For the first time in days Alice found she was smiling.
“Lord help the lot of you,” said Sophia, shaking her head.
TWENTY-FIVE
It was clear within a couple of hours of setting out why only Margery and Charley ever undertook the route to Arnott’s Ridge. Even in the benign conditions of early September, the route was remote and arduous, taking in steep crevasses, narrow ledges and a variety of obstacles to scrabble down or over, from ditches to fences to fallen trees. Alice had brought Charley, confident he would understand where he was going, and so it proved. He strode out willingly, his huge ears flicking backward and forward, following his own well-worn tracks along the creek bed and up the side of the ridge, the horses following on behind. There were no notches on trees here, no red ribbons; Margery had plainly never expected anyone but herself to take such a route, and Alice glanced behind her intermittently at the other women, hoping she could trust Charley as a guide.
Around them the air hung
thick and moist and the newly amber forests lay dense with fallen leaves, muffling sound as they made their way along the hidden trails. They rode in silence, focused on the unfamiliar terrain, only breaking off to praise their horses quietly or warn of some approaching obstacle.
It occurred to Alice as they headed along the track into the upper reaches of the mountains that they had never ridden together, not all of them, like this.
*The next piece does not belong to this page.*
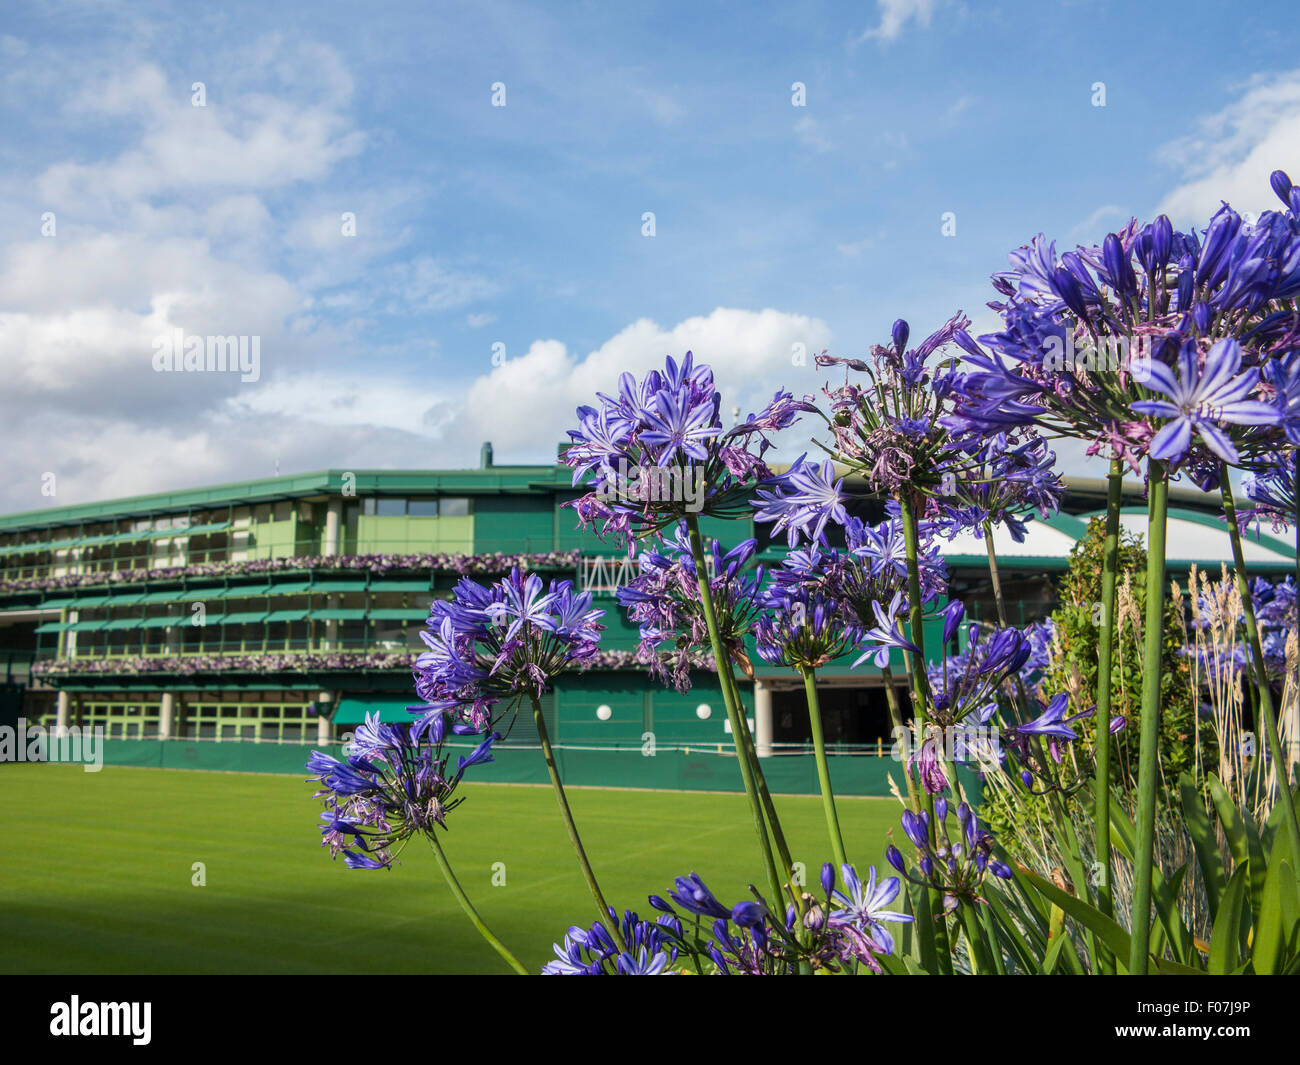 Un numéro de cour et des scènes de l'All England Club de tennis à Wimbledon, en Angleterre, la maison du tennis de Wimbledon Banque D'Images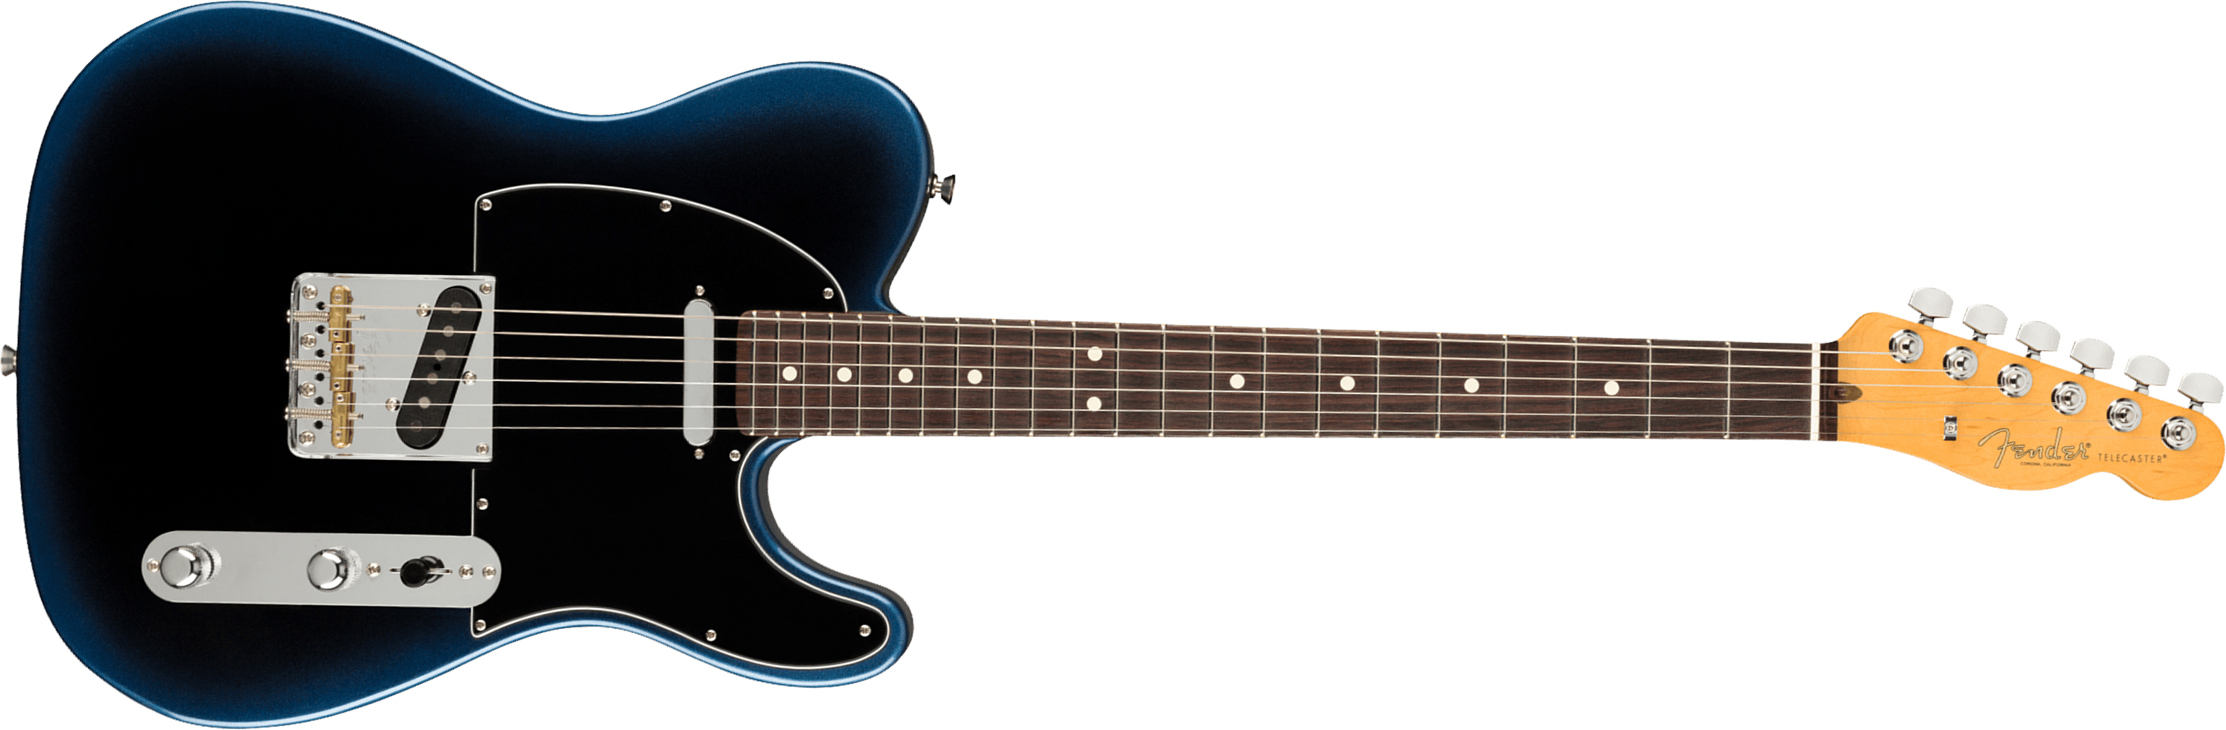 Fender Tele American Professional Ii Usa Rw - Dark Night - E-Gitarre in Teleform - Main picture

And then that it was entirely possible this would be the last time she rode into the mountains.
In a week or so she would be making her way by train toward New York and the huge ocean liner that would take her to England, and a very different kind of existence. She turned in her saddle and looked at the group of women behind her and realized she loved them all, that leaving each of them, not just Fred, would be a wrench almost greater than anything she had endured up to now. She couldn’t imagine meeting women with whom she would feel so in tune, so close to in her next life, over polite chit-chat and cups of tea.
The other librarians would slowly forget her, their lives busy with work and families, and the ever-changing challenges of the seasons. Oh, they would promise to write, of course, but it wouldn’t be the same. There would be no more shared experiences, the cold wind on their faces, the warnings of snakes on tracks, or commiserations when one of them took a fall. She would gradually become a postscript to a story: Do you remember that English girl who rode with us for a while? Bennett Van Cleve’s wife?
“Think we’re getting close?” Kathleen broke into her thoughts, riding up alongside.
Alice pulled Charley to a halt, unfolding the map from her pocket. “Uh . . . according to this, it’s not far over that ridge,” she said, squinting at the hand-drawn images. “She said the sisters live four miles that way, and Nancy would always walk the last part because of the hanging bridge, so I make the McCullough house . . . somewhere over there.”
Beth scoffed. “You reading that map upside down? I know for a fact the damn bridge is that way.”